Ro Khanna, D-Calif., said “judicial oversight and separation ofpowers is a core principle of our democracy” and “shielding an agency from review by independent federal courts could harmaccess to justice.”

Rob Bishop, R-Utah, said mandatory arbitration would help “to end endless litigation, frivolous lawsuits that impede the work of our land managers and cost taxpayers millions….”

A yes vote was to remove mandatory arbitration from the bill.


Renewal of Children’s Health Insurance: Voting 242 for and 174 against, the House on Nov. 3 passed a GOP-drafted bill (HR 3922) that would extend the Children’s Health Insurance Program (CHIP) through fiscal 2022 and other health programs including Community Health Centers through fiscal 2019. The bill’s 10-year, $18 billion cost would be paid for by offsets including cuts in Affordable Care Act preventive-care outlays and increases in Medicare premiums for the top 1 percent of taxpayers. Democrats said it was wrong for the bill to weaken the ACA and Medicare in order to finance health insurance for underprivileged children.

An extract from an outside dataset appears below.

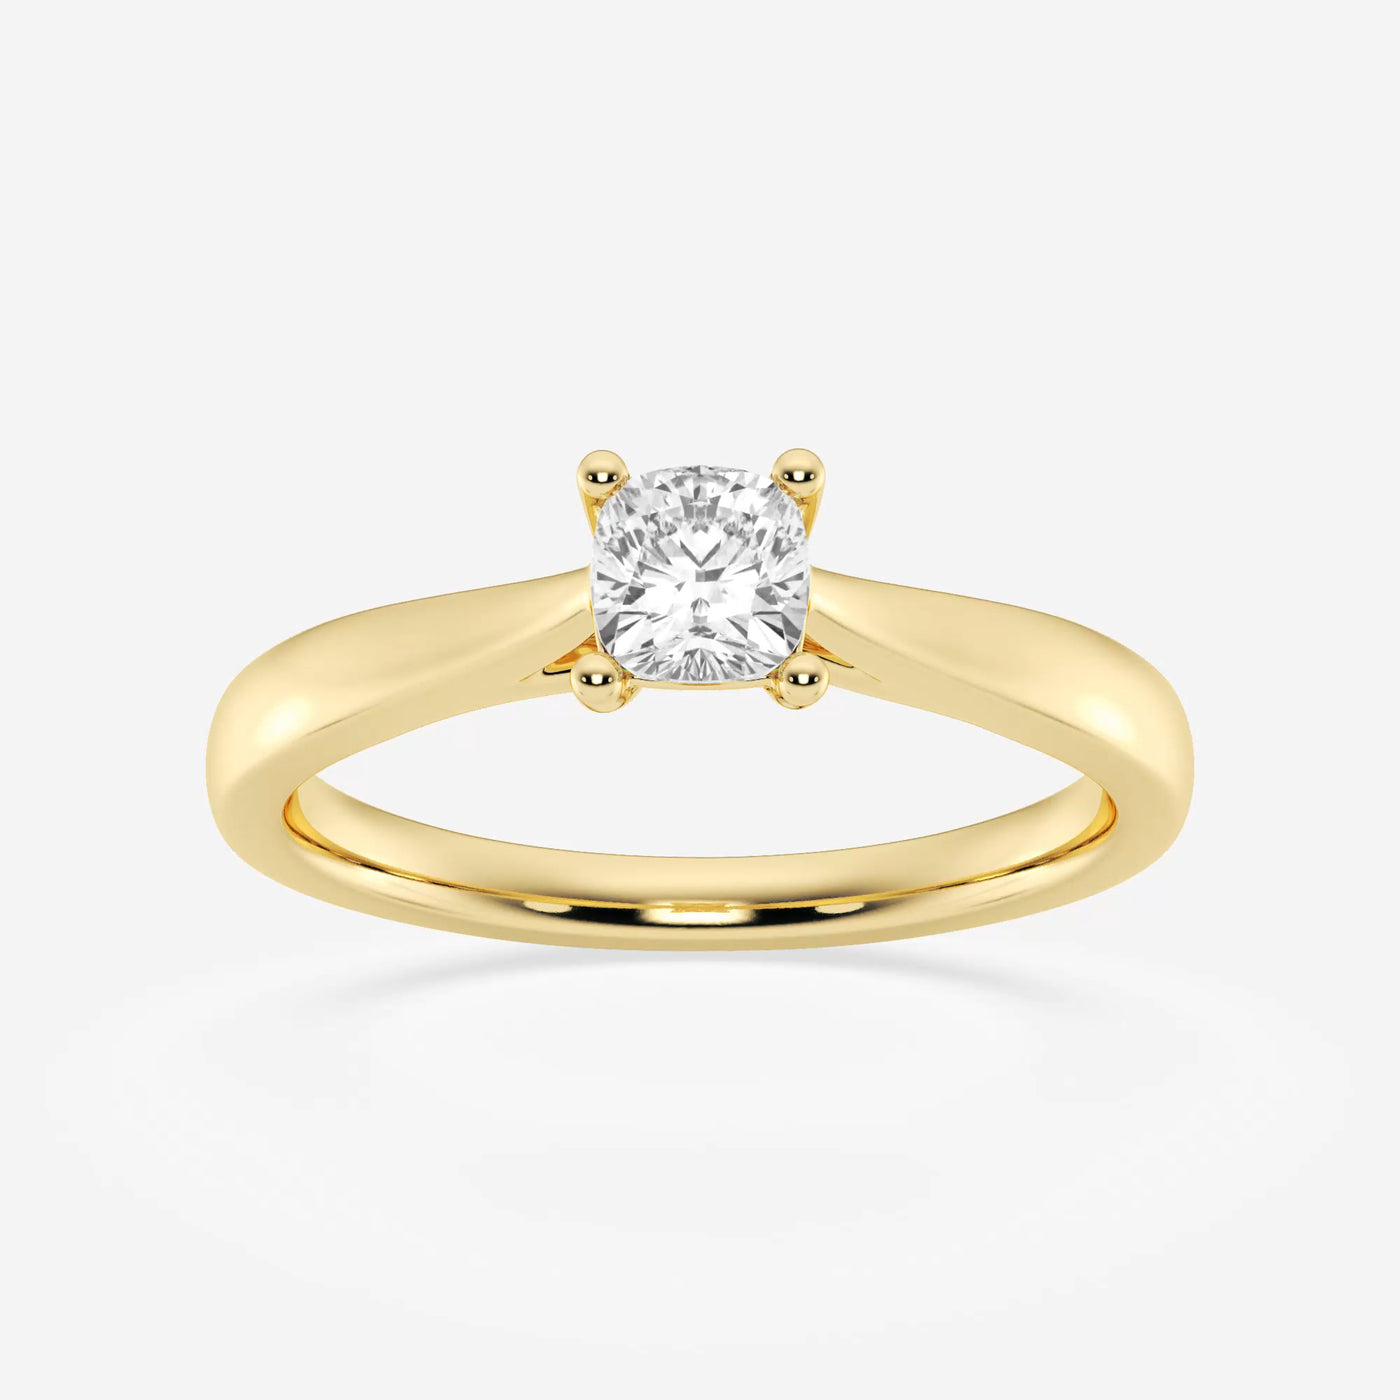 _main_image@SKU:LGD-JOR1090-GY4~#carat_0.50#diamond-quality_fg,-vs2+#metal_18k-yellow-gold

Now providing care to 9 million children, CHIP is a federally funded, state-run discretionary spending program designed mainly for families that are not poor enough to qualify for Medicaid, but which cannot afford adequate private health insurance for their children.

Bradley Byrne, R-Ala., said: “We should not let petty political arguments keep us from ensuring that children have access to affordable health insurance, keeping the doors open at community health centers or allowing Alabama’s hospitals to continue serving communities in need.”

Frank Pallone, D-N.J., said Republicans, having failed to repeal the Affordable Care Act, “are now using the reauthorization of CHIP and Community Health Centers as a way to once again sabotage the ACA. Make no mistake, if Republicans can’t repeal the ACA outright, they’ll cripple it any time they can.”

A yes vote was to send the bill to the Senate.




Amy Coney Barrett, Federal Appeals Judge: Voting 55 for and 43 against, the Senate on Oct. 31 confirmed University of Notre Dame law professor Amy Coney Barrett, 45, for a judgeship on the 7th Circuit U.S. Court of Appeals. Republicans praised Barrett as a distinguished professor whose rulings will stay within the bounds of settled law. Democrats said she is an academic without judicial experience and criticized her conservative views on LGBT and women’s reproductive rights.

Majority Leader Mitch McConnell, R-Ky., said Barrett’s writings and testimony “clearly show a nominee who will uphold our Constitution and our nation’s laws as they are written, not as she wishes they were.”

Richard Durbin, D-Ill., said the nominee “has no judicial experience….She could only recall three litigation matters that she worked on in her entire career — three. She has never served as a counsel of record in an appellate case or ever argued an appeal.”

A yes vote was to confirm the nominee.